> [GOAL OF THE EXERCISE]:
Each line from the one containing "Skip the Shop badge" to the last line of the listing below is to be duplicated exactly, and no picture is to be carried over.

> [COLLECTED MATERIAL]:
-----

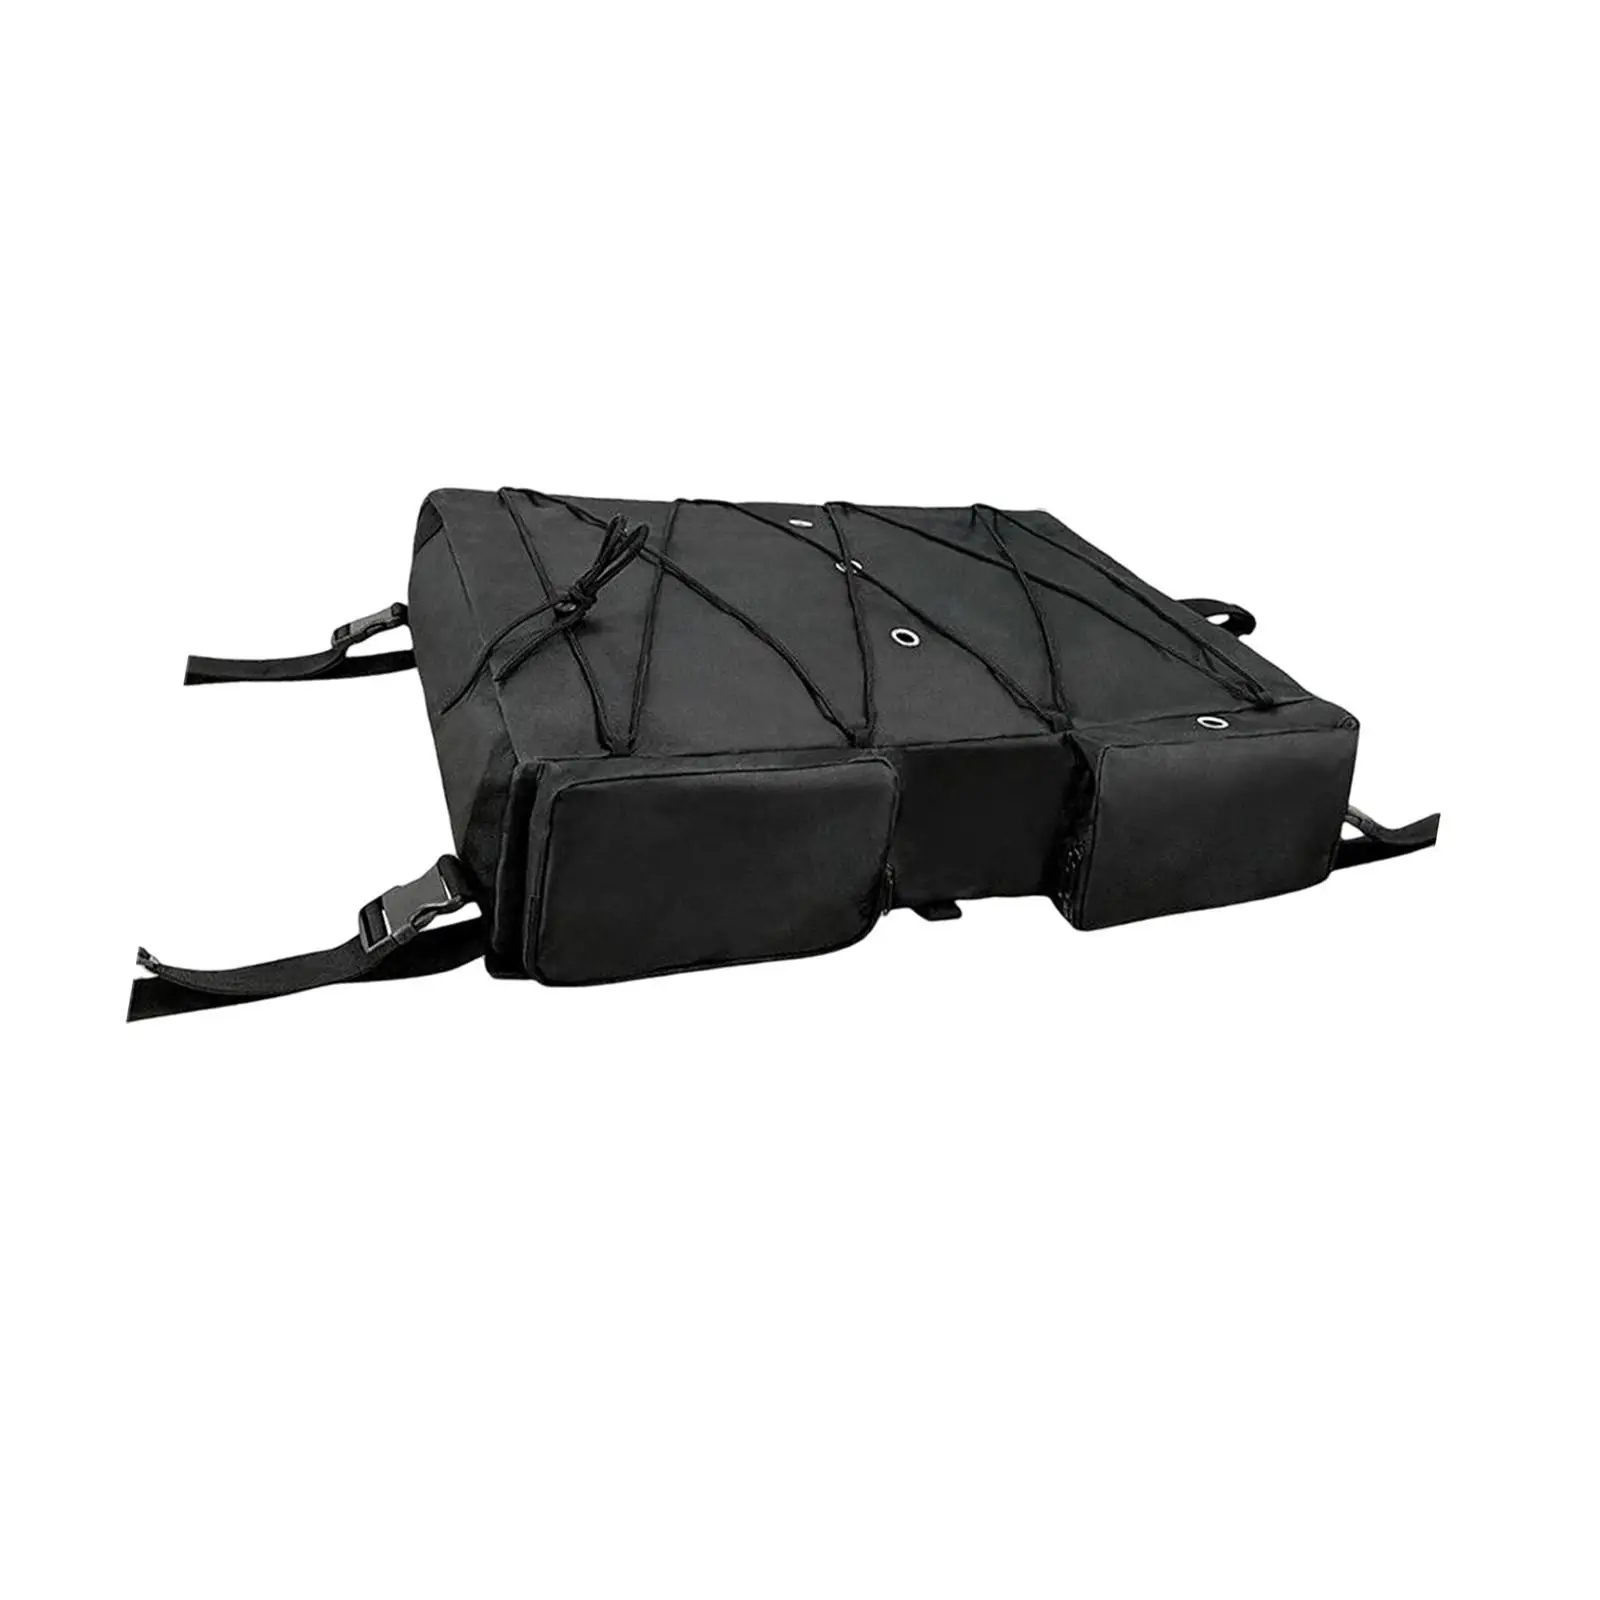 T Top Storage Bag Waterproof Life Vests Storage Bag for Outdoor Camping
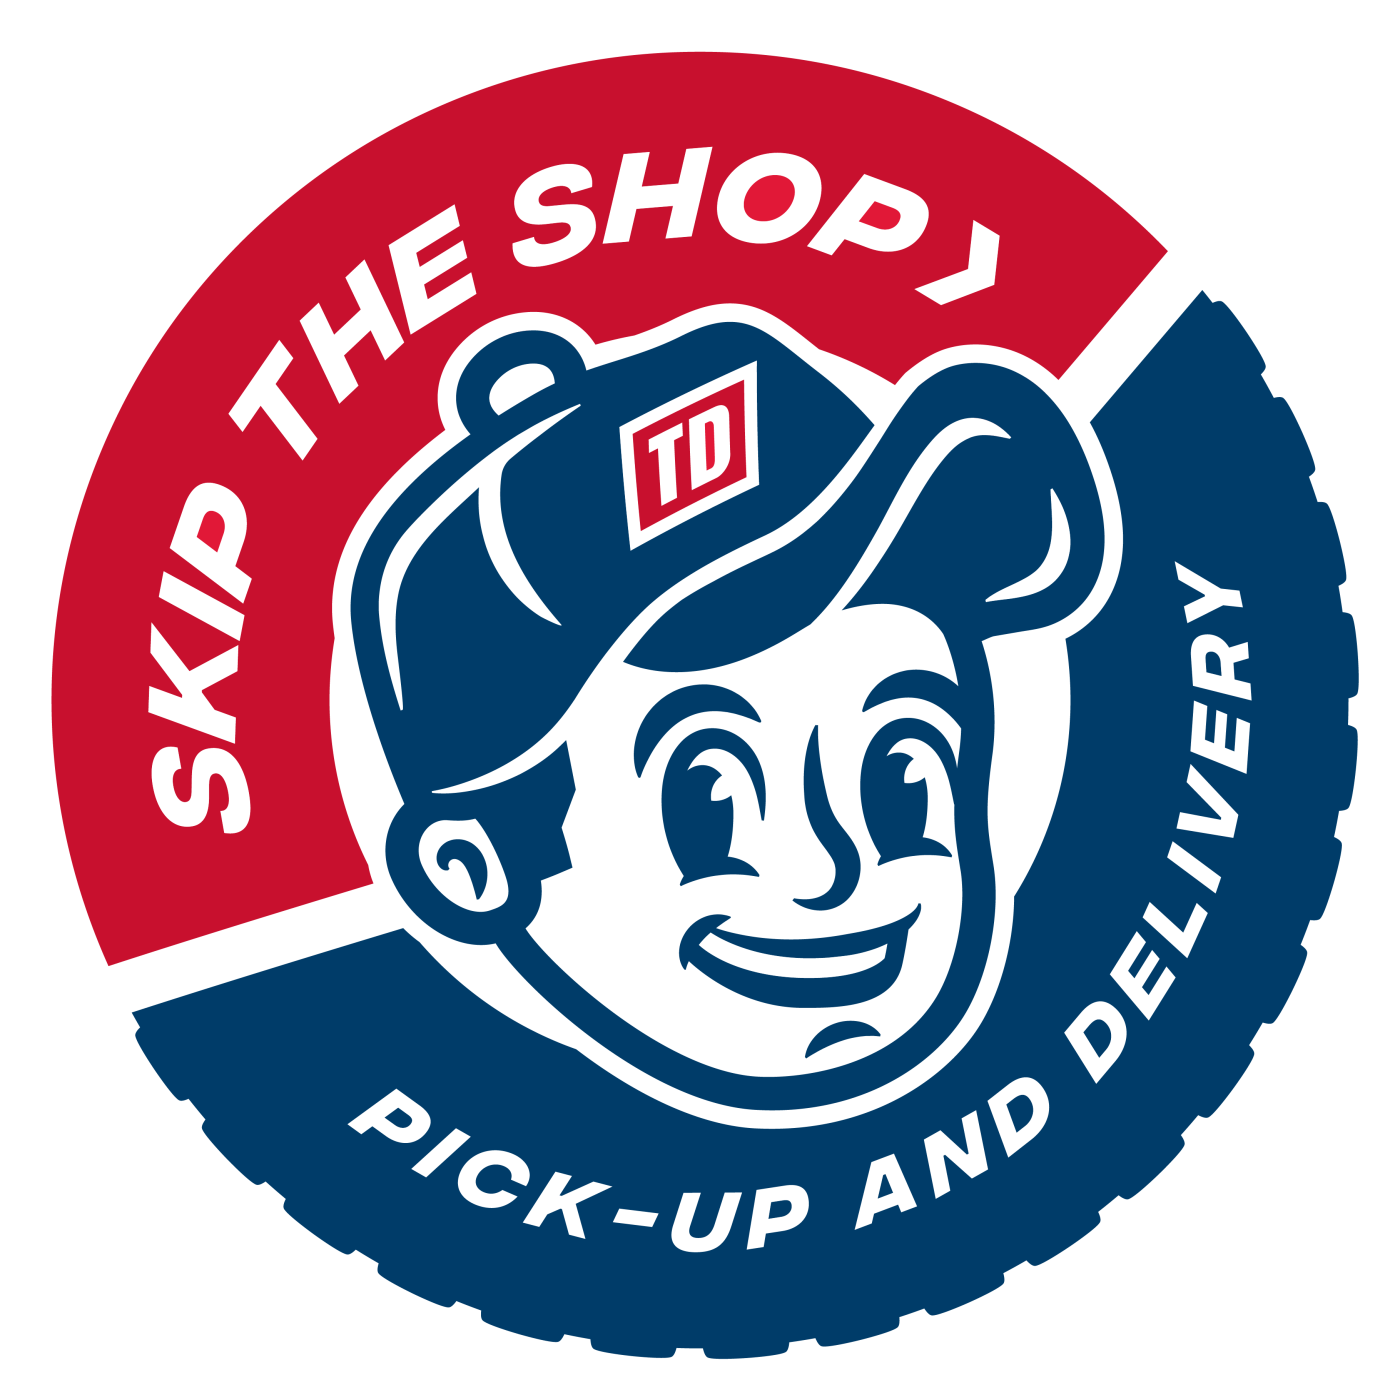 Skip the Shop badge
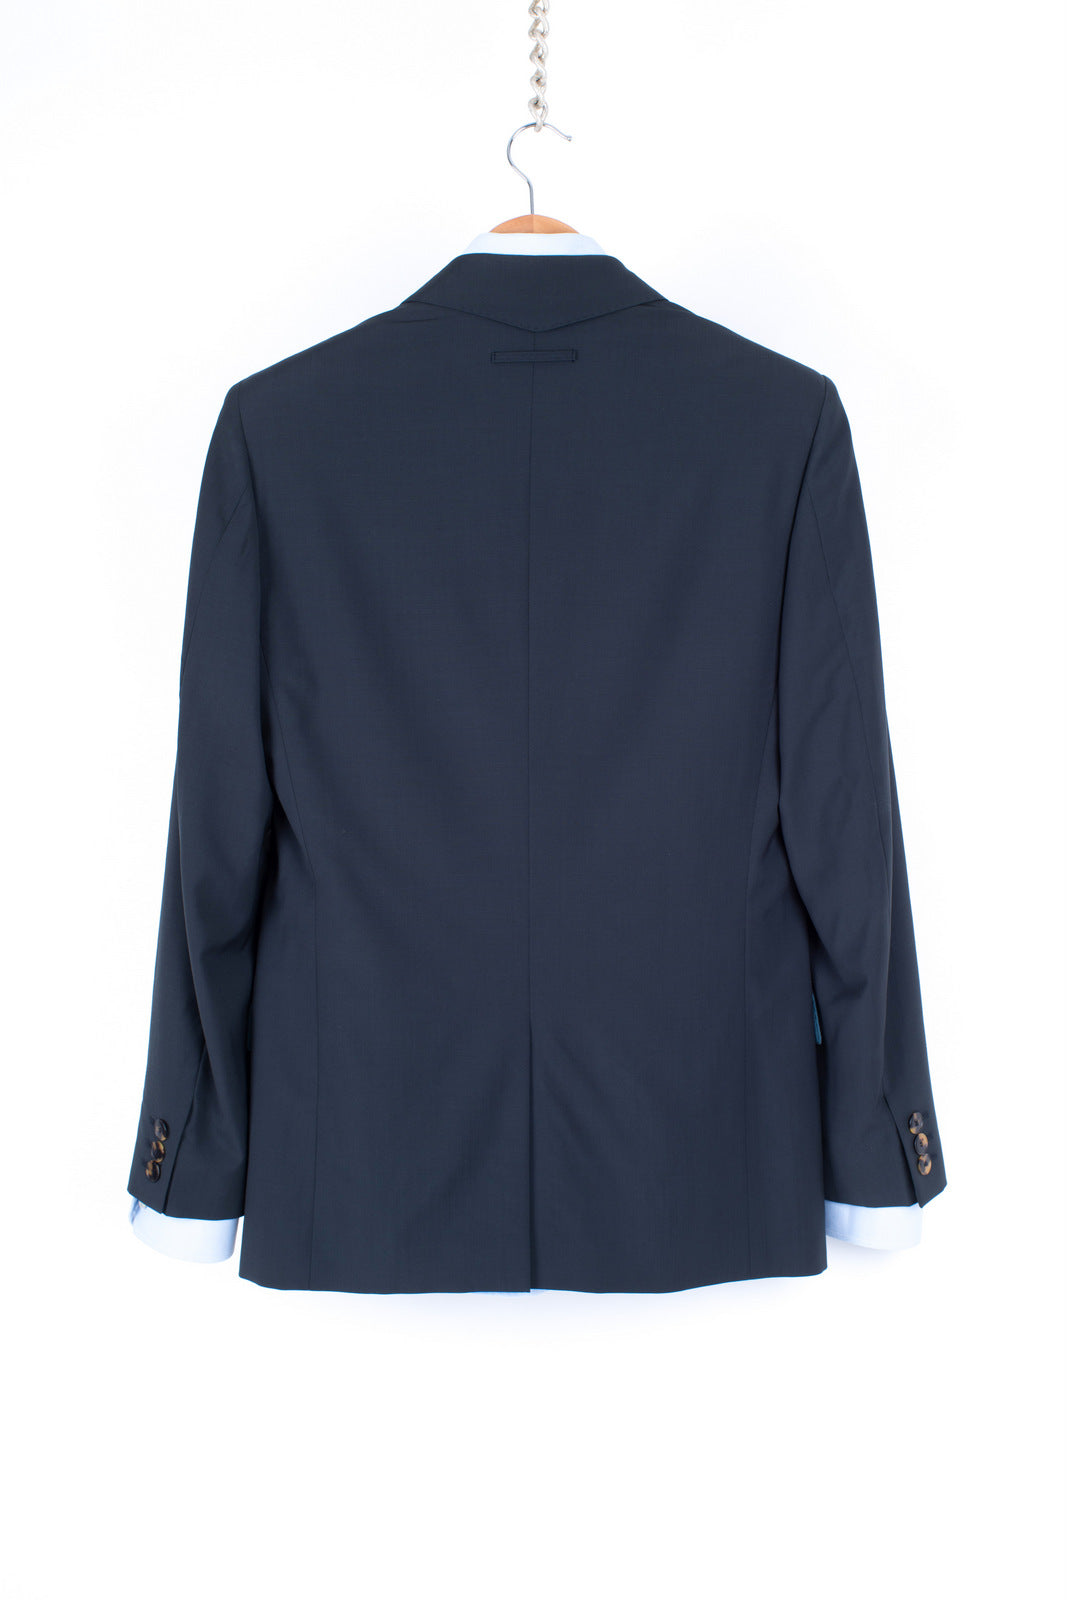 Jean Paul Gaultier Lightweight Blue Wool 2 Pieces Suit, US 38, EU 48

-----

> [ANSWER SECTION]:
 Skip the Shop badge
 Jean Paul Gaultier Lightweight Blue Wool 2 Pieces Suit, US 38, EU 48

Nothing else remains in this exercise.